Yager and other advocates' criticism of laws criminalizing HIV exposure are also in line with the National HIV/AIDS Strategy that the White House's Office of National AIDS Policy released last year. The report maintains that intentional HIV transmission is "atypical and uncommon" and that exposure laws do not affect the behavior of people living with the virus in the states where such laws are on the books. The strategy widely references the CDC's research on HIV/AIDS.

"In many instances, the continued existence and enforcement of these types of laws run counter to scientific evidence about routes of HIV transmission and may undermine the public health goals of promoting HIV screening and treatment," reads the report. "State legislatures should consider reviewing HIV-specific criminal statutes to ensure that they are consistent with current knowledge of HIV transmission and support public health approaches to preventing and treating HIV."

The National Alliance of State and Territorial AIDS Directors also spoke out strongly against HIV-exposure laws last month. NASTAD described Missouri's statutes and those in other states as "undercut[ting] our most basis HIV prevention and sexual health messages, and breed[ing] ignorance, fear and discrimination against people living with HIV."

In order to defeat the laws as they currently stand; Terrance Moore, associate director of racial and ethnic health disparities for NASTAD, and other HIV/AIDS activists are calling for increased public health leadership against their continued proliferation.

"I think we're seeing quite a bit of a groundswell of advocacy on this issue recently," he said. "We need to examine this issue in how it not only impacts public health while also paying attention to draconian policies within the public health sectors that are also not helpful. There's a variety of ways we can chip away at this."

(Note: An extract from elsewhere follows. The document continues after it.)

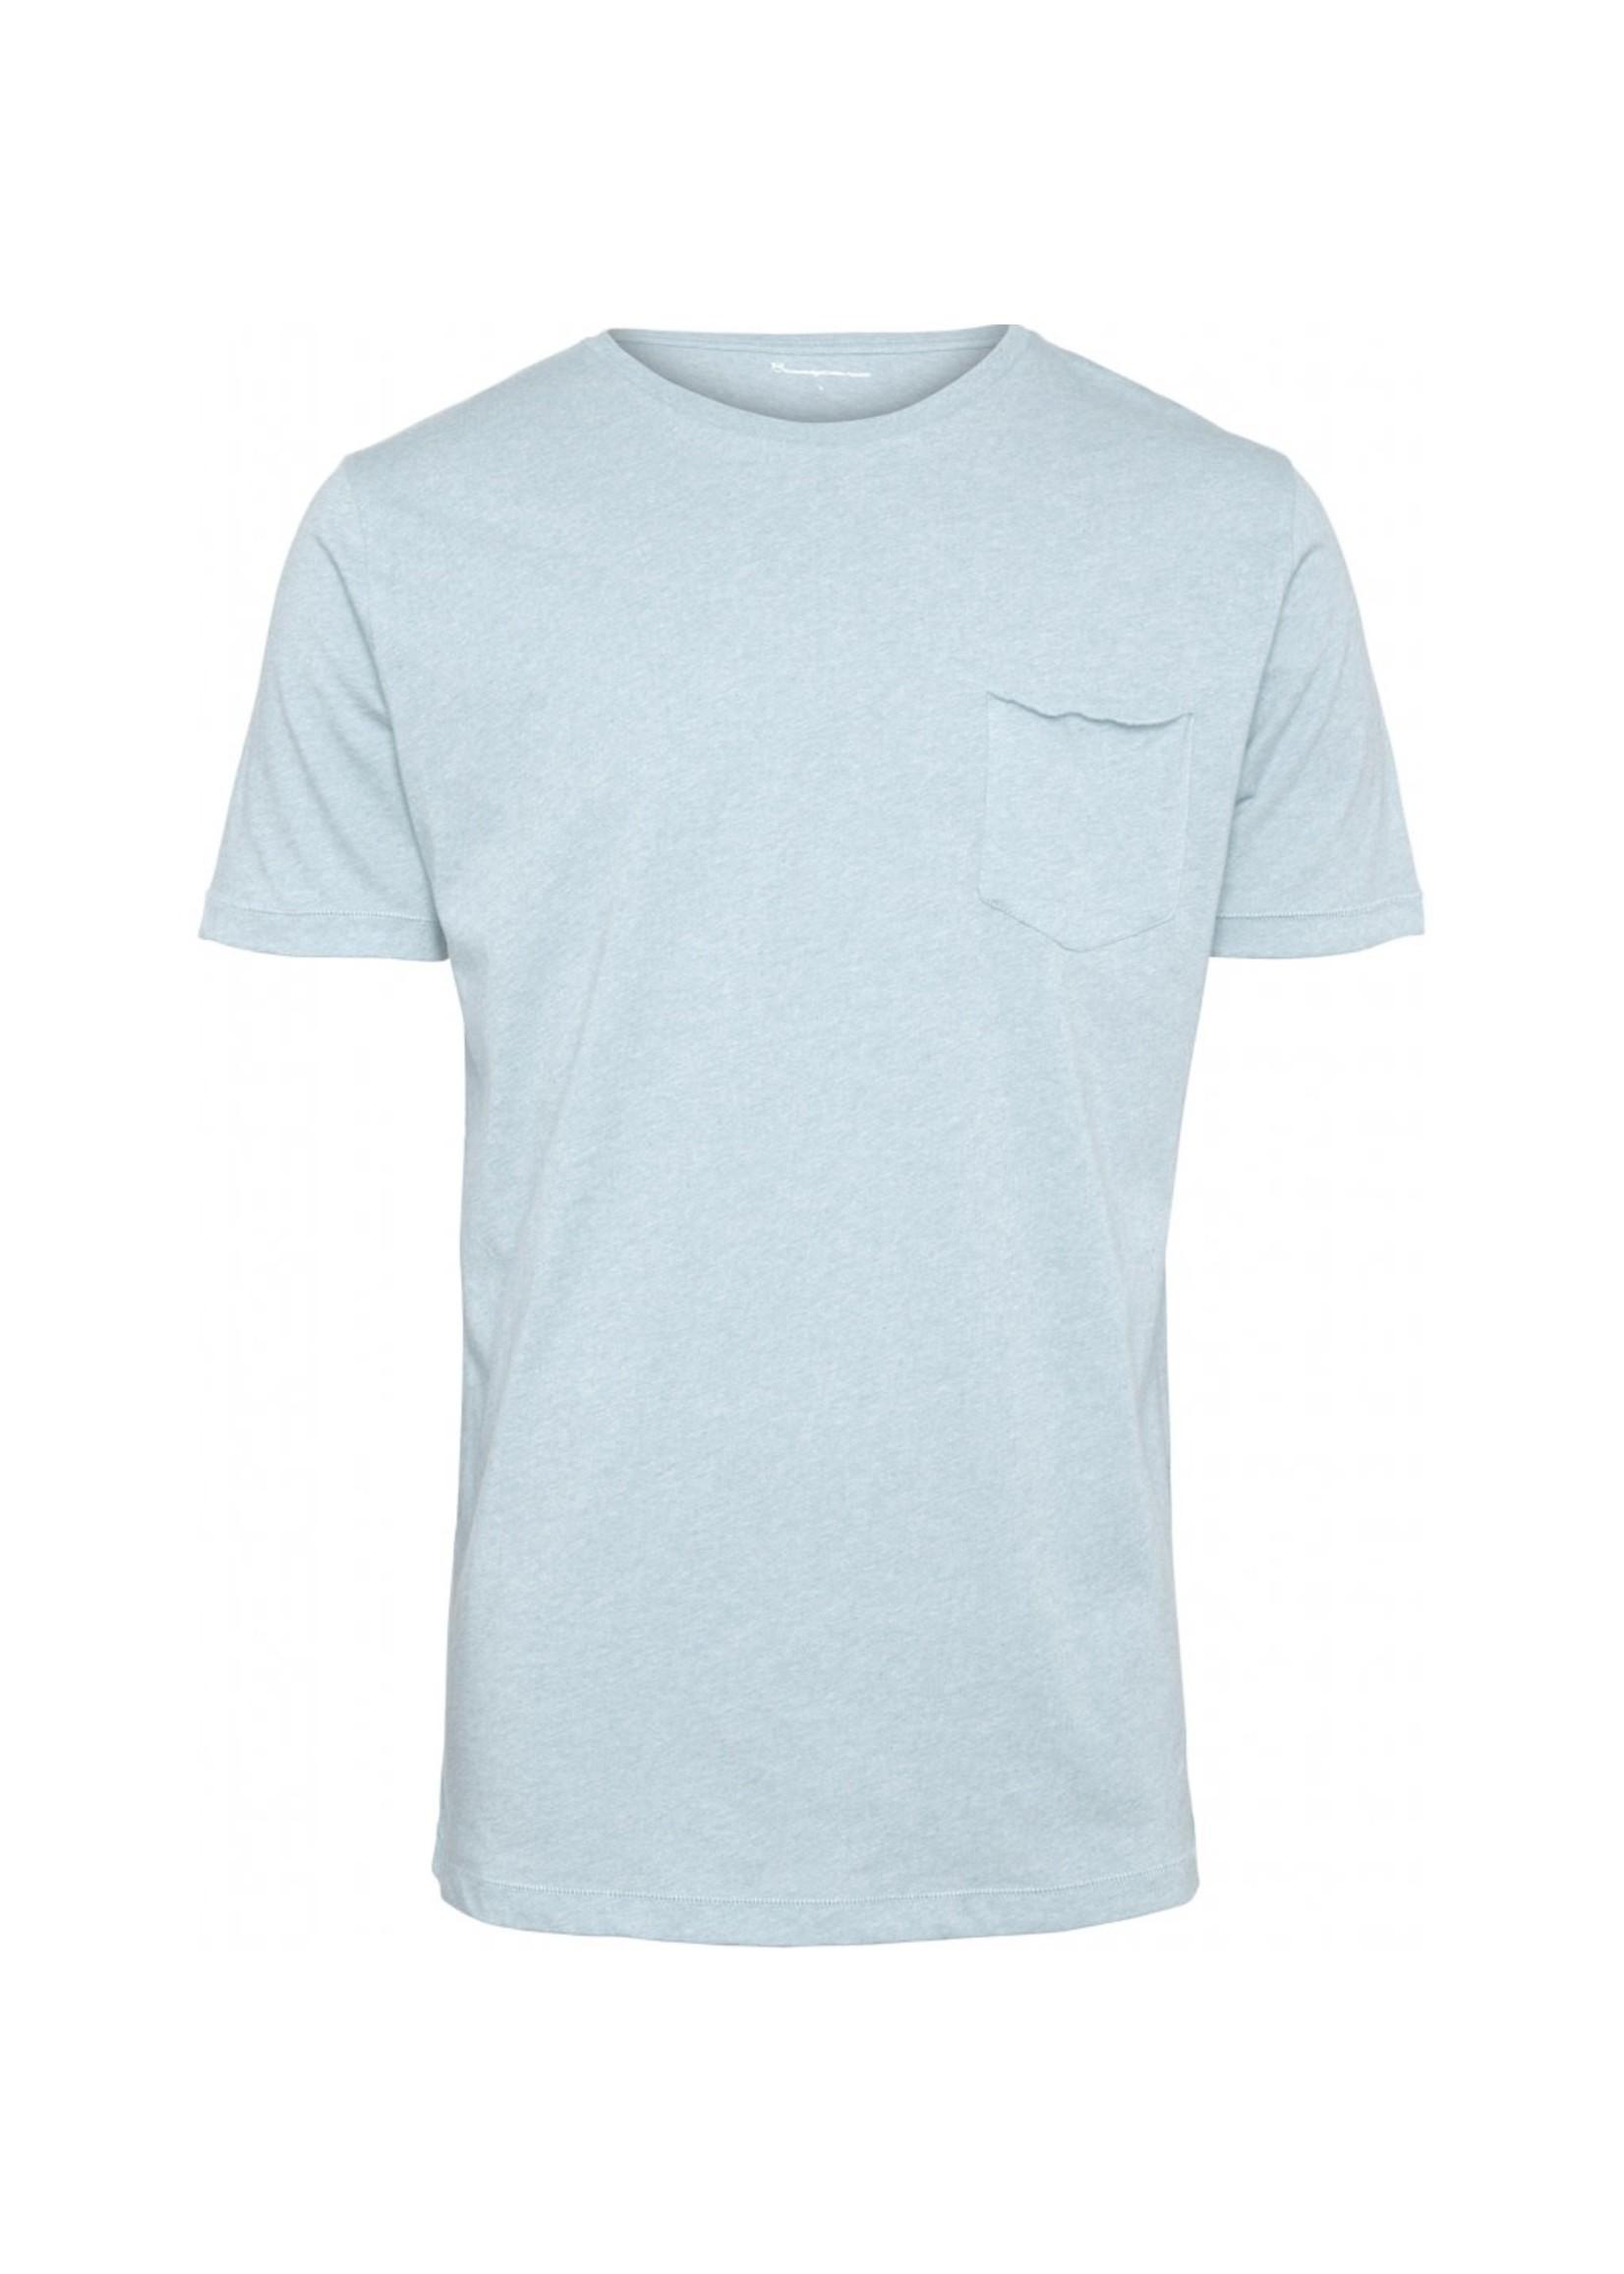 KnowledgeCotton KnowledgeCotton Alder Basic T-shirt with chest pocket

Michael Ruppal, executive director of the Tampa, Fla.-based AIDS Institute, added further leadership is needed to ensure public awareness over the harm HIV criminalization laws cause."Our direction isn't to dictate in 50 states how they should be governed, but to look instead at the intent of the law when it was created and see how the prosecutions are following that intent," he said."There has to be an acknowledgment [by HIV/AIDS activists] that these laws are actually hurting people. The more we're able to share this information and identify the abuses of these laws, the easier it will be to start to get them off the books."

Yager also sees the power in increased public knowledge of these laws-even in today's political climate.

"As it becomes more evident that [the laws are] not serving their intended goals, it will become more difficult for legislators to defend and rationalize them," she added.